§ Task brief
Only one stretch of the records below is wanted: the lines from the one holding "Portuguese glazed tiles 190 by homydesign" through the one holding "Сдается в аренду". Return it exactly, both ends included.

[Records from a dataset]
———

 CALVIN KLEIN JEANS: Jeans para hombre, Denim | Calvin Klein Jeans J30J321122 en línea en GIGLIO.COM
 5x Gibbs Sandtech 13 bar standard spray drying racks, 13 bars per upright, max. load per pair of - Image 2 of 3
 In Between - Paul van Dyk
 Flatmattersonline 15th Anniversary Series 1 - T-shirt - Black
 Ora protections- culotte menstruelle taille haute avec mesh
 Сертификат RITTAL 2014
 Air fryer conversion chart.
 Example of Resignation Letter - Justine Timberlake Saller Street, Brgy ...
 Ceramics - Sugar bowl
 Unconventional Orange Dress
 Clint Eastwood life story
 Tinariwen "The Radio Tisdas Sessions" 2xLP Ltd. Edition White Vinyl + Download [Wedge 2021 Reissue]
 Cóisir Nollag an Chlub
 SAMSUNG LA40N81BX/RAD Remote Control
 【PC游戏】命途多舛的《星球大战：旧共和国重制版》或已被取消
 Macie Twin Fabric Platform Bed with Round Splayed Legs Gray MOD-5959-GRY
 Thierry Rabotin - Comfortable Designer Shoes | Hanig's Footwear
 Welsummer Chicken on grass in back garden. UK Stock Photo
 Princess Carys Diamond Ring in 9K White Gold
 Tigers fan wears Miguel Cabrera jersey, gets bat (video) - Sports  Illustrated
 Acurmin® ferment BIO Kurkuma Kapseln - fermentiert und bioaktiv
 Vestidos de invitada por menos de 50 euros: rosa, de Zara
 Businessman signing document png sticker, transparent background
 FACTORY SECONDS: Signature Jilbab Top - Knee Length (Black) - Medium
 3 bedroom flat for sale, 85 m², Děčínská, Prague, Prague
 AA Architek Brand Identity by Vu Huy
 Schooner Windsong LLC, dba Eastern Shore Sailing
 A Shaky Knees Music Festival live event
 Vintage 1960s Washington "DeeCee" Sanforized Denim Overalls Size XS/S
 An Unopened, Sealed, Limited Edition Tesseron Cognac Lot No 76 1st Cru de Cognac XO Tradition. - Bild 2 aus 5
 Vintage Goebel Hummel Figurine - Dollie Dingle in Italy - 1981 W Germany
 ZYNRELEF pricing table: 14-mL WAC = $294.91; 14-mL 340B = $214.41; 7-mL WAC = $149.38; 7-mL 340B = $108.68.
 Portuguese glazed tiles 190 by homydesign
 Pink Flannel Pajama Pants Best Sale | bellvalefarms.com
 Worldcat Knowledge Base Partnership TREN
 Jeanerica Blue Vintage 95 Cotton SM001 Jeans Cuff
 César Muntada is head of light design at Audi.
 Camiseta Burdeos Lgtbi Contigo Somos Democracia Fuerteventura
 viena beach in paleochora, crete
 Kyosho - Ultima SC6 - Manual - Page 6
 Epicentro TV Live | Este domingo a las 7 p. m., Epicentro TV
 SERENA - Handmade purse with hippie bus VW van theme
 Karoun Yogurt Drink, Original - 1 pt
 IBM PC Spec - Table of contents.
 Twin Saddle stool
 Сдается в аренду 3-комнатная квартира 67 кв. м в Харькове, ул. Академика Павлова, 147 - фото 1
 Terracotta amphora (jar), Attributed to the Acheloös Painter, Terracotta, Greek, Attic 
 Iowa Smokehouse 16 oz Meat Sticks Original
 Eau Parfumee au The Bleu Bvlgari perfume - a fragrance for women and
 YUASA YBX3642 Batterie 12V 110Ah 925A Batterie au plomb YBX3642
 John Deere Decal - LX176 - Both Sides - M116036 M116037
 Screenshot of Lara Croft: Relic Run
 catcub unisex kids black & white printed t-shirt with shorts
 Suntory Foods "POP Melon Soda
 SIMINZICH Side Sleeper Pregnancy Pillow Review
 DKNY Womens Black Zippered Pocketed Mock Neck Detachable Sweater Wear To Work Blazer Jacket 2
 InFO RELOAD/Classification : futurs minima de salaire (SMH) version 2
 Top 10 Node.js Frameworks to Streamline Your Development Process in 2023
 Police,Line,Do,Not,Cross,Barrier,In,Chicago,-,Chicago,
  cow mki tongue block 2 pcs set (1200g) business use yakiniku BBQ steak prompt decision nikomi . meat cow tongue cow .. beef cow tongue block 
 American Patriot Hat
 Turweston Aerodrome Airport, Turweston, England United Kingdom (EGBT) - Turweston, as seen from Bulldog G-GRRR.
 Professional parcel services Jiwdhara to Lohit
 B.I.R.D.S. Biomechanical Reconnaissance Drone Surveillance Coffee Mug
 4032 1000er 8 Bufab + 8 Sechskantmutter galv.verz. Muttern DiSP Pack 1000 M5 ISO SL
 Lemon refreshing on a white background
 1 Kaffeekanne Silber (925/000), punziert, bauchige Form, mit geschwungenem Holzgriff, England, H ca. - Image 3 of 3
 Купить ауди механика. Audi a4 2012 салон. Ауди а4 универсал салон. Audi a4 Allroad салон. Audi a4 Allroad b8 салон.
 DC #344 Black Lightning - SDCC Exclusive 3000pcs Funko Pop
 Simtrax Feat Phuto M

———

§ Output of the task
 Portuguese glazed tiles 190 by homydesign
 Pink Flannel Pajama Pants Best Sale | bellvalefarms.com
 Worldcat Knowledge Base Partnership TREN
 Jeanerica Blue Vintage 95 Cotton SM001 Jeans Cuff
 César Muntada is head of light design at Audi.
 Camiseta Burdeos Lgtbi Contigo Somos Democracia Fuerteventura
 viena beach in paleochora, crete
 Kyosho - Ultima SC6 - Manual - Page 6
 Epicentro TV Live | Este domingo a las 7 p. m., Epicentro TV
 SERENA - Handmade purse with hippie bus VW van theme
 Karoun Yogurt Drink, Original - 1 pt
 IBM PC Spec - Table of contents.
 Twin Saddle stool
 Сдается в аренду 3-комнатная квартира 67 кв. м в Харькове, ул. Академика Павлова, 147 - фото 1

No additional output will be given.